21 As dores da alma, portanto, formam um tópico notável no budismo... Por que sofremos? Vivemos como se estivéssemos enfeitiçados por uma obsessão, persistimos em focar nossa atenção no sofrimento. Isso só provoca o aumento da agonia. Quando um tema nos angustia, por que nossos pensamentos insistem em regressar à origem da dor? A resposta está em nossa própria mente: ela não tem o treinamento adequado.

22 "Os sábios budistas confirmam que não basta erradicar todo e qualquer tipo de sofrimento para encontrar a felicidade.
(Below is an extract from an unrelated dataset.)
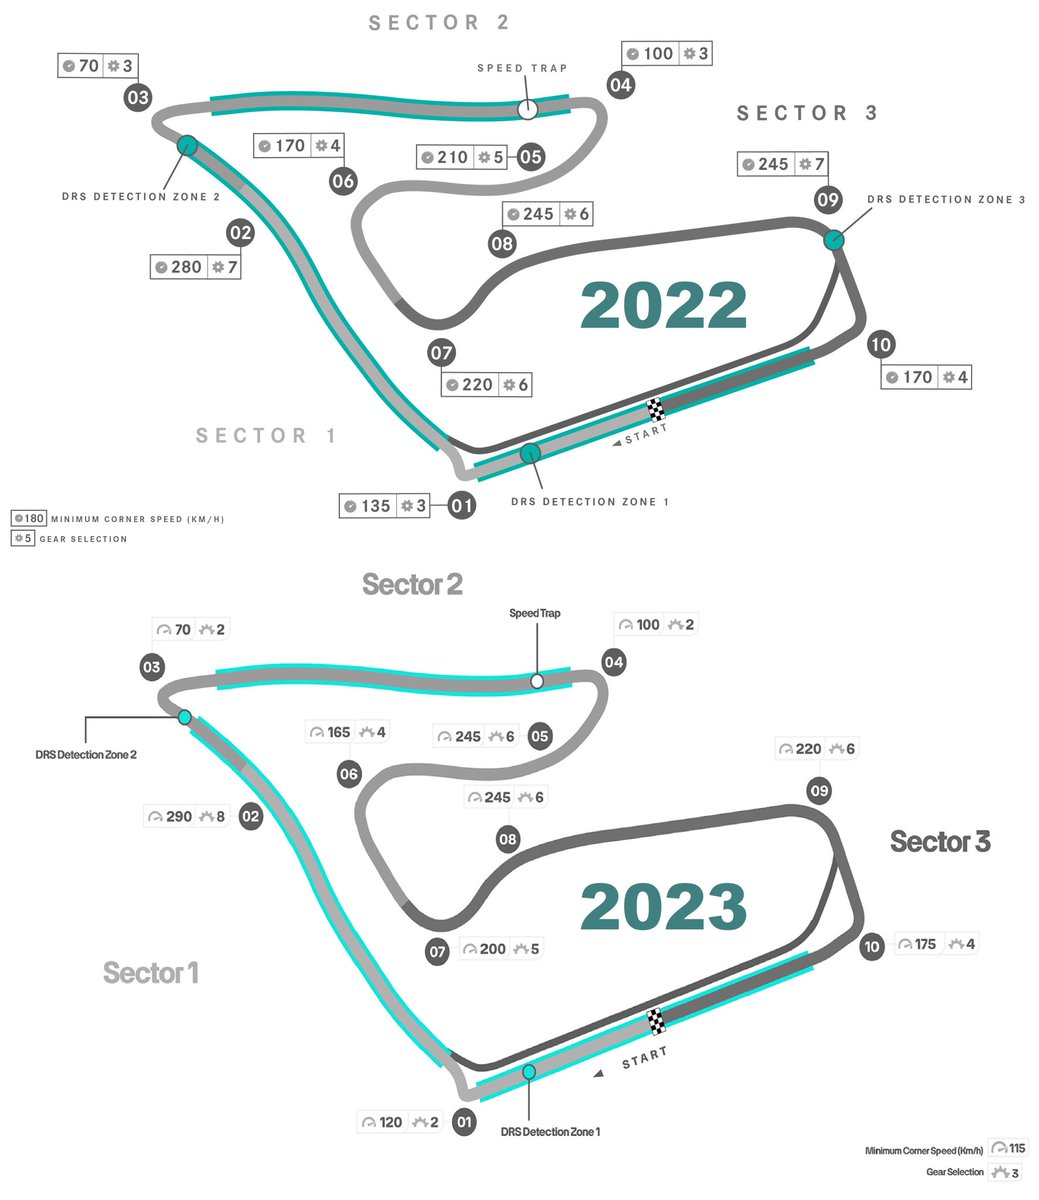 Mercedes'in 2023 #AustrianGP için viraj hızları ve vites geçiş Simülatör çalışması:

Além de deixar de lado as emoções negativas, também devemos desenvolver as positivas", diz Ricard. "Devemos habituar nossa mente a substituir emoções negativas por positivas. Quanto mais cultivarmos o amor e a bondade, menos espaço teremos para a raiva e o ódio em nossa paisagem mental. É importante saber quais são os antídotos que correspondem a cada uma de suas emoções negativas."

23 Muitos acham que a felicidade é uma sucessão de pequenos prazeres. Mas Ricard ressalta que "o prazer é uma experiência fugaz - depende de circunstâncias exteriores, de um momento ou lugar específicos. Quase sempre está ligado a uma ação". Ele lembra que algumas pessoas sentem prazer até em se vingar e em torturar os outros. "A felicidade autêntica não está ligada a uma atividade. É um estado de ser, um profundo equilíbrio emocional.

24 Ricard argumenta que não existe razão para não buscarmos sensações agradáveis, sejam elas relacionadas com a natureza, com a arte ou ao lado de pessoas queridas. "Os prazeres tornam-se obstáculos somente quando perturbam o equilíbrio da mente e nos levam à obsessão por gratificações. O prazer não é inimigo da felicidade. Se é vivido num estado de paz interior e liberdade, o prazer adorna a felicidade, sem obscurecê-la ", afirma.

25 Poucos sabem que o reino de Deus inclui o reino das satisfações mundanas. O reino divino estende-se ao terrestre, mas este, ilusório por natureza, não contém a essência da Realidade. Mahavatar Bábaji.

26 Uma forte determinação de ser feliz o ajudará. Não espere que as circunstâncias mudem, pensando falsamente que nelas reside o problema. Se você não decide ser feliz, ninguém poderá fazê-lo feliz. Não culpe Deus por isto! E se decide ser feliz, ninguém poderá fazê-lo infeliz... Somos nós que fazemos da vida o que ela é.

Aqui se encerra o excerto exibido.